June 2, 2009 — Citing his concern for the safety of the local community, U.S. Magistrate Judge Geoffrey Barnard has ordered that Jerome Blyden — a V.I. police officer recently arrested on charges ranging from racketeering to attempted murder — remain in jail until his criminal trial is over.
Blyden's arrest came on the heels of a more than 20-month federal investigation that put him at the center of a crime ring that, among other things, allegedly trafficked cocaine and ran an illegal dog-fighting business from about 1999 until October 2005. Blyden and Gelean Mark — the alleged leader of the crime ring dubbed the Mark-Blyden Enterprise — were indicted a few weeks ago by a federal grand jury. (See "Officer Blyden Arrested, Faces Five Charges.")
The government, both through the indictment and arguments aired during a detention hearing last month, presented what it called "clear and convincing evidence" that Blyden attempted to threaten and intimidate two federal agents that were investigating his alleged criminal activities, was present at the alleged attempted murder of Nicholas Friday Jr. and allegedly intimidated a witness to the attempted murder, Barnard wrote in a recent opinion.
The indictment alleges that Mark and Blyden attempted to kill Friday after he "threatened the enterprise's affairs."
"Based on the evidence before the court, the court finds that no condition or combination of conditions will reasonably assure the safety of the community," Barnard said in his order. He ordered that Blyden be held, without prejudice, in the custody of the U.S. Attorney General and kept at a corrections facility away from other individuals awaiting or serving sentences or are being held pending appeal. Corrections' warden will deliver Blyden to the U.S. Marshals Service for court appearances, Barnard ruled.
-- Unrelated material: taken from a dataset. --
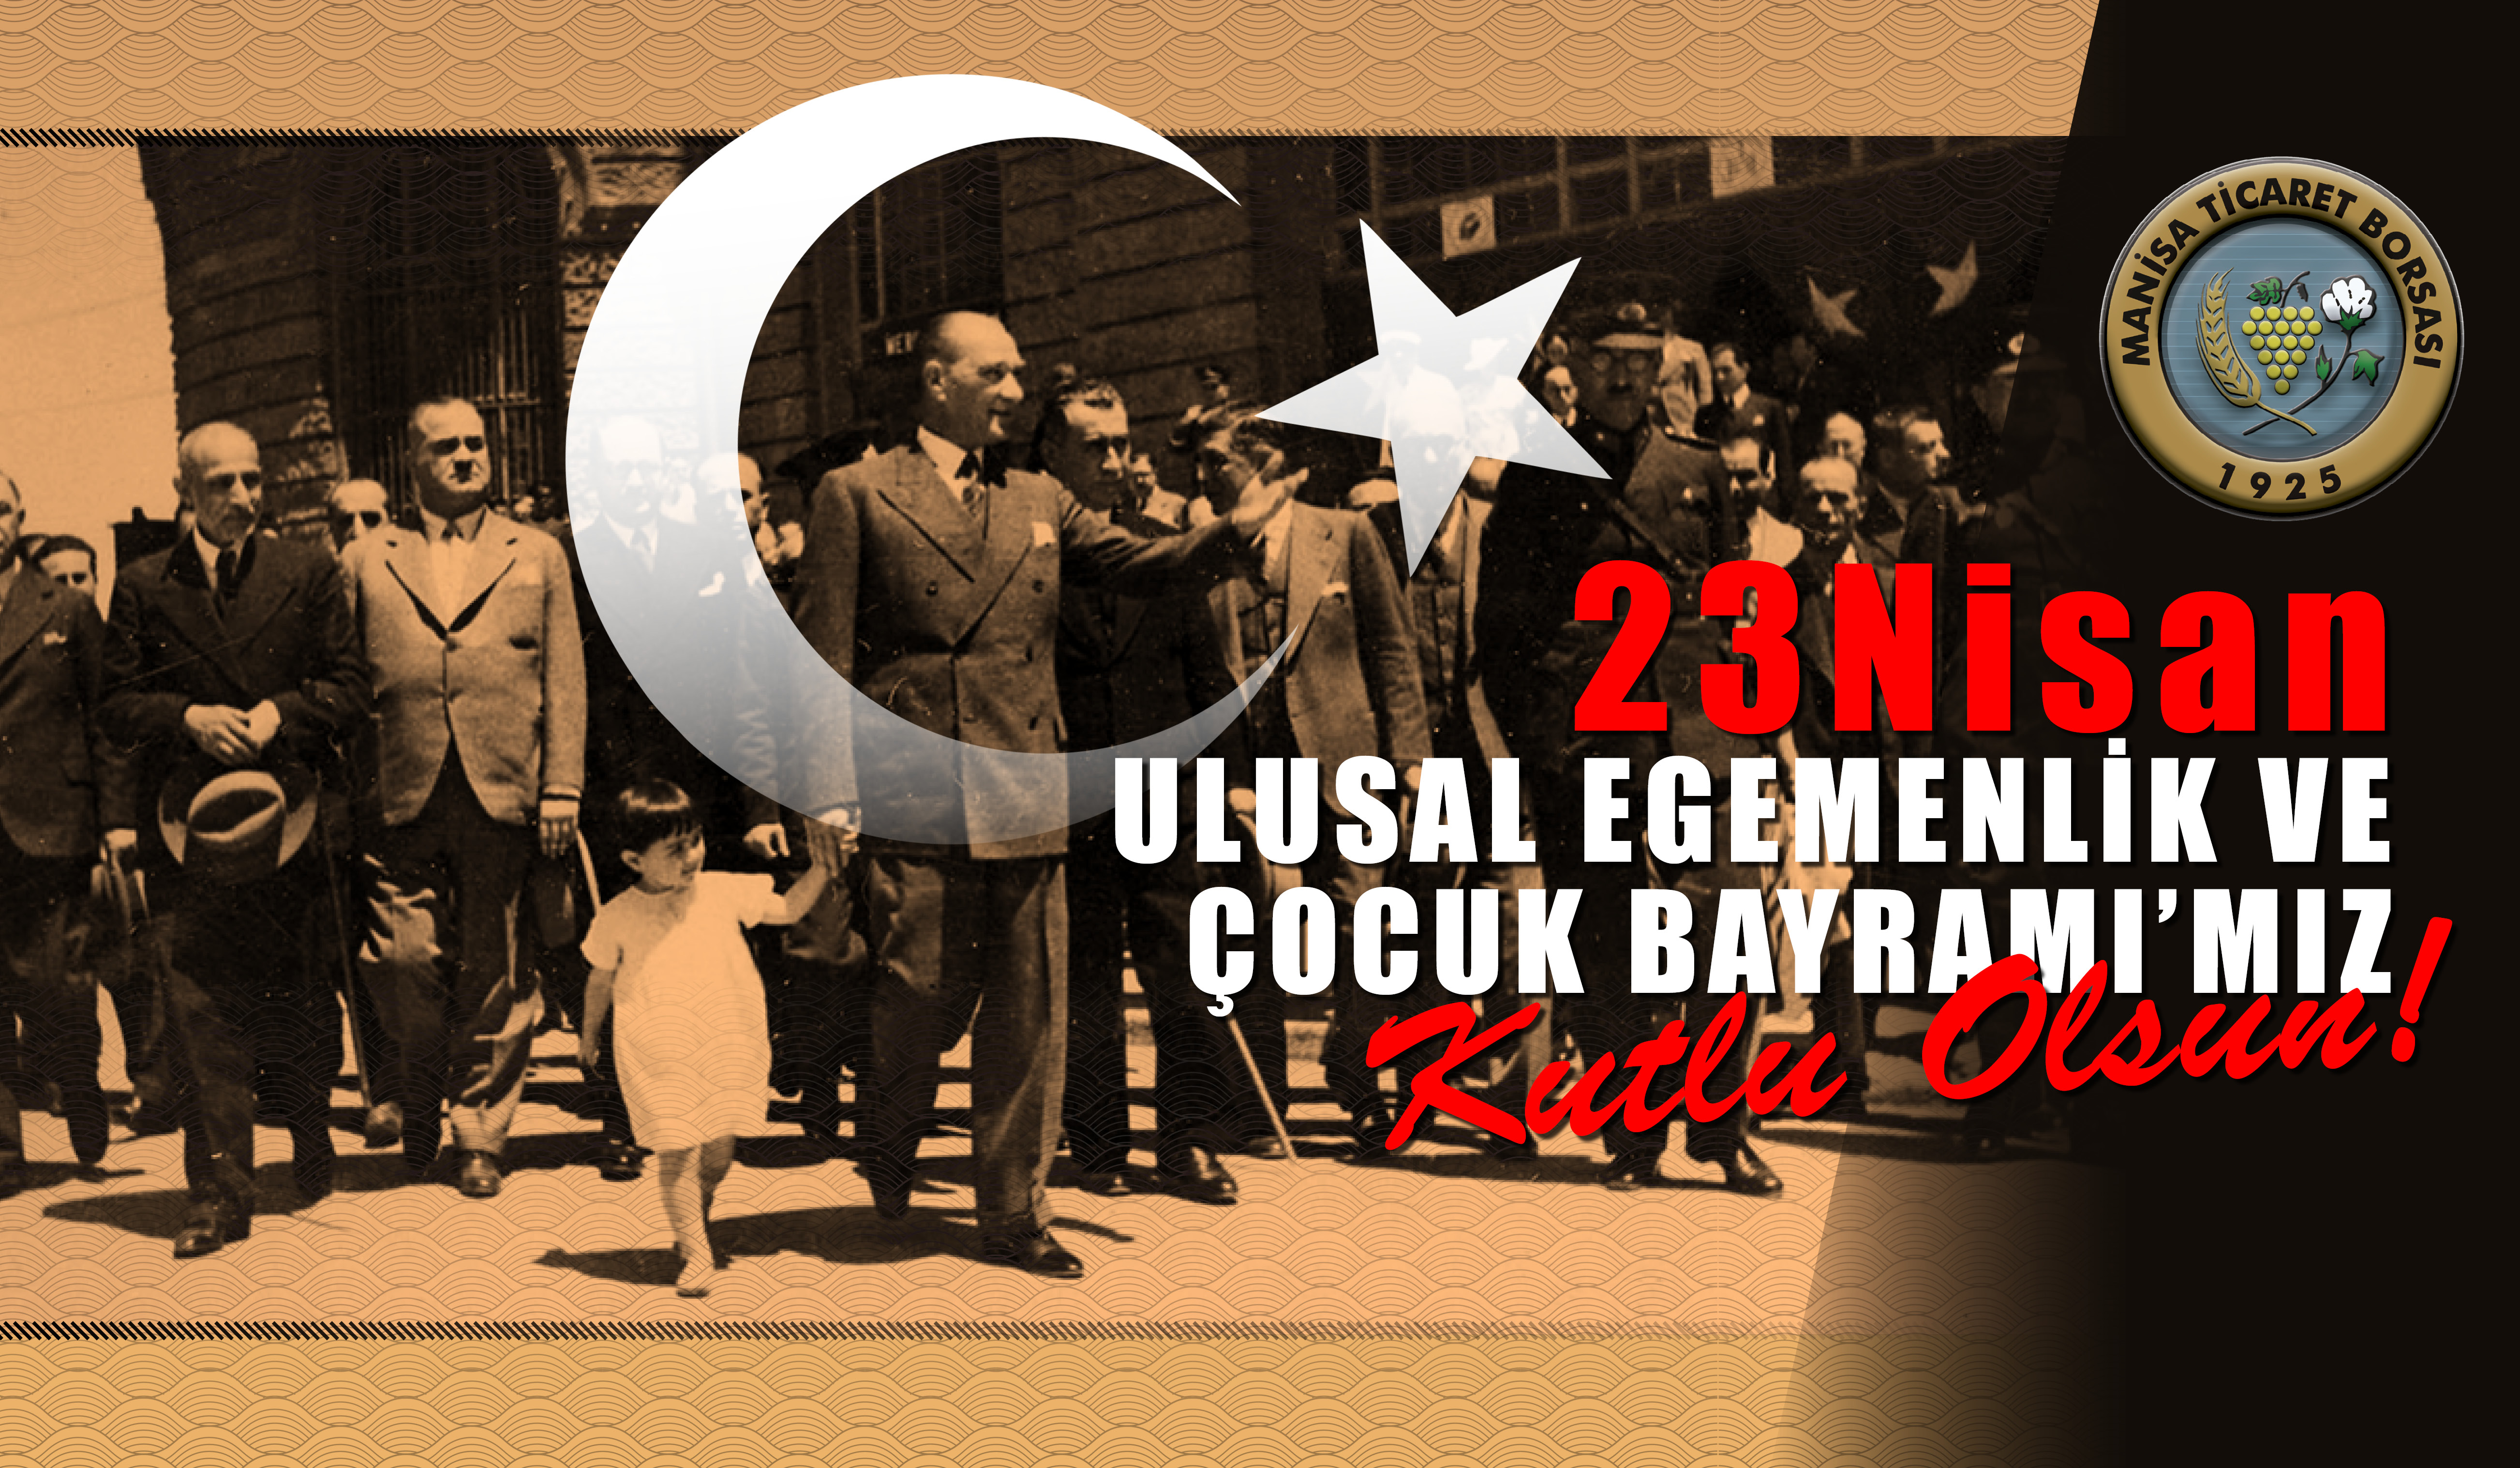 23 Nisan Ulusal Egemenlik ve ocuk Bayram'mz Kutlu Olsun!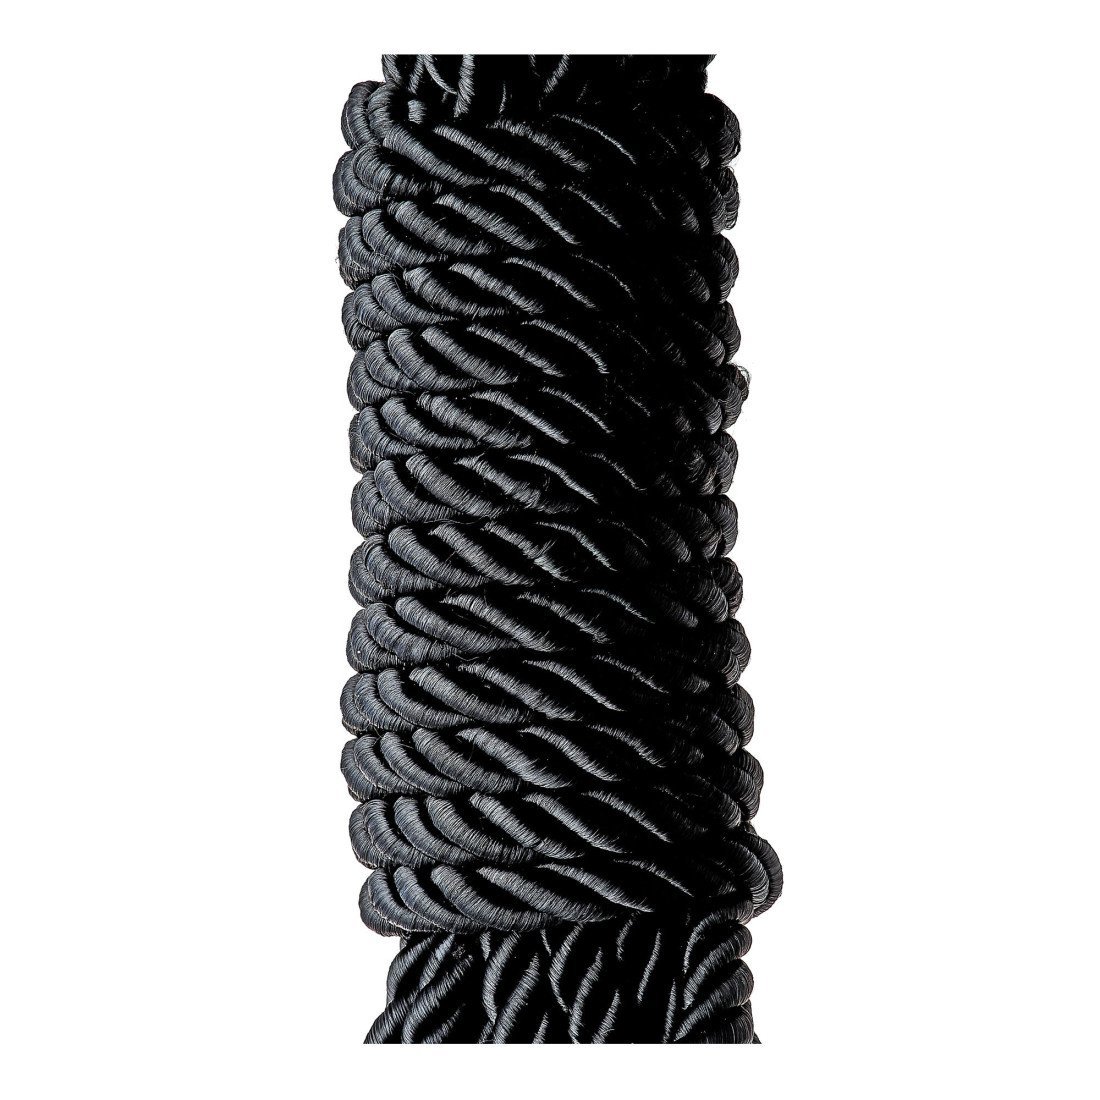 Suvaržymo virvė „Deluxe Bondage Rope“, 5 m - Blaze

During last month's detention hearing, Blyden's mother Margaret Rawlings and union supervisor Lt. Joseph Gumbs defended Blyden, saying that the was not violent nor a threat to the community. Gumbs said he was aware of excessive force allegations against Blyden, but testified that none of the charges had been confirmed. He said he was unaware, however, of decades-old allegations of assault, conduct unbecoming a police officer or acts of intimidation attributed to Blyden.
However, former V.I. Police Department Director of Internal Affairs Ray Martinez testified during the hearing that the department had twice attempted to perform psychological evaluations on Blyden, and both times, Blyden tried to intimidate the psychiatrists.
"Mr. Martinez testified that one psychological evaluation was initially commended by Dr. Derek Spencer; however, the psychological evaluation was never completed because Dr. Spencer was troubled by the defendant's erratic behavior and refused to continue to see the defendant," Barnard wrote in his recent order.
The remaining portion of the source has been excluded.